[AARCH64][NEON] Do we need extra builtin for vmull_high_p64?

Folks, we encountered a problem: for vmull_high_p64 intrinsic there was not generated PMULL2 instruction.
This happened because the vmull_high_p64 is implemented through vmull_p64:

__ai poly128_t vmull_high_p64(poly64x2_t __p0, poly64x2_t __p1) {

poly128_t __ret;

__ret = vmull_p64((poly64_t)(vget_high_p64(__p0)), (poly64_t)(vget_high_p64(__p1)));

return __ret;


__ai poly128_t vmull_p64(poly64_t __p0, poly64_t __p1) {

poly128_t __ret;

__ret = (poly128_t) __builtin_neon_vmull_p64(__p0, __p1);

return __ret;


There also exist pattern to convert this into PMULL2:

def : Pat<(int_aarch64_neon_pmull64 (extractelt (v2i64 V128:$Rn), (i64 1)),
(extractelt (v2i64 V128:$Rm), (i64 1))),
(PMULLv2i64 V128:$Rn, V128:$Rm)>;

The problem is that ISel apply that pattern only when corresponding IR is inside basic block.
Some optimizations could hoist extraction operators out of current basic block(Loop invariant code motion).
In the result PMULL2 is not used.

GlobalISel could resolve that problem.

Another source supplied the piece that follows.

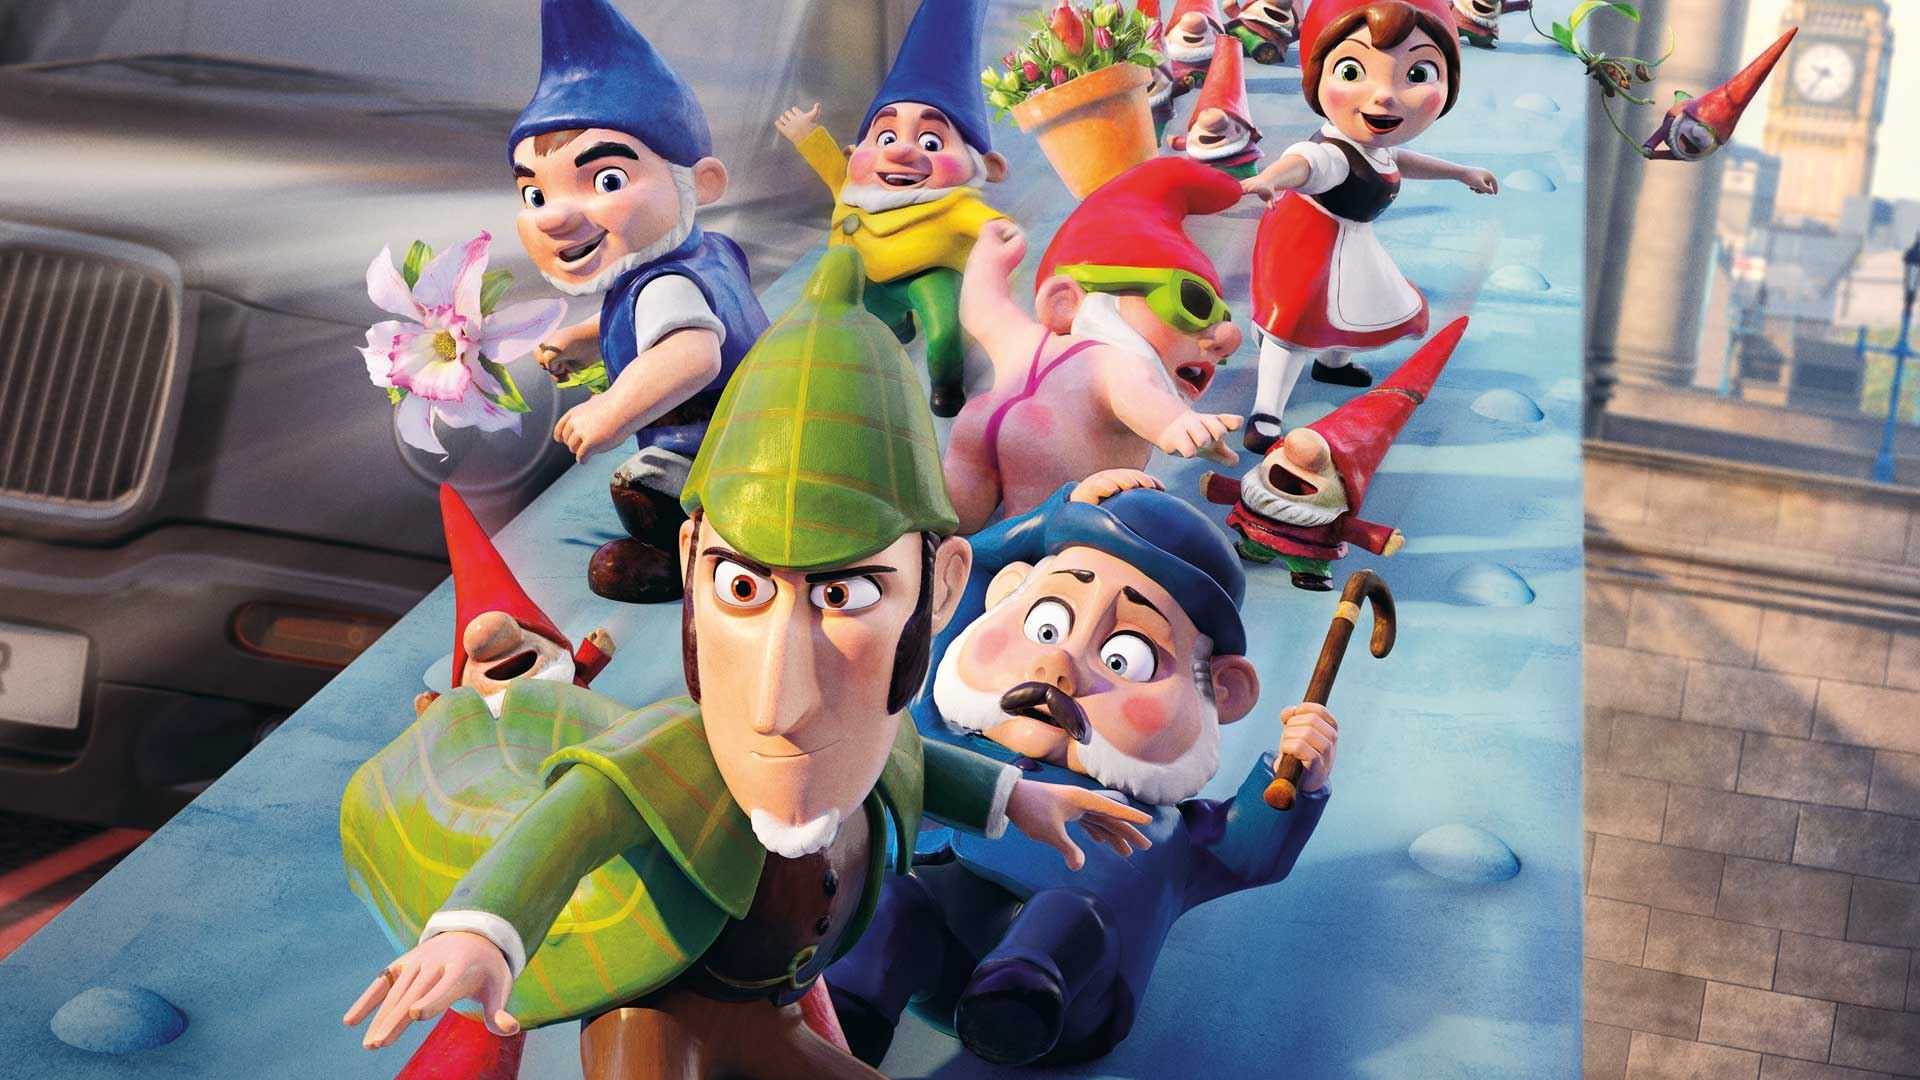 Bio, Bergsjö, Mästerdetektiven Sherlock Gnomes,  © Bio, Bergsjö, Mästerdetektiven Sherlock Gnomes, Bio, Bergsjö, Mästerdetektiven Sherlock Gnomes

But it does not handle this pattern yet and switched on by default for -O0 only.
Another alternative to have PMULL2 is to create specific builtin for vmull_high_p64 intrinsic.

Would it be OK to add extra builtin for vmull_high_p64 intrinsic to resolve this problem(

__builtin_neon_vmull_high_p64/llvm.aarch64.neon.pmull_high_64) ?

Thank you, Alexey.

For this specific sort of issue, we have some code in CodeGenPrepare::tryToSinkFreeOperands to try to rearrange the IR so the necessary instructions are in the same basic block.

If we can’t make that work, we could consider adding a separate intrinsic.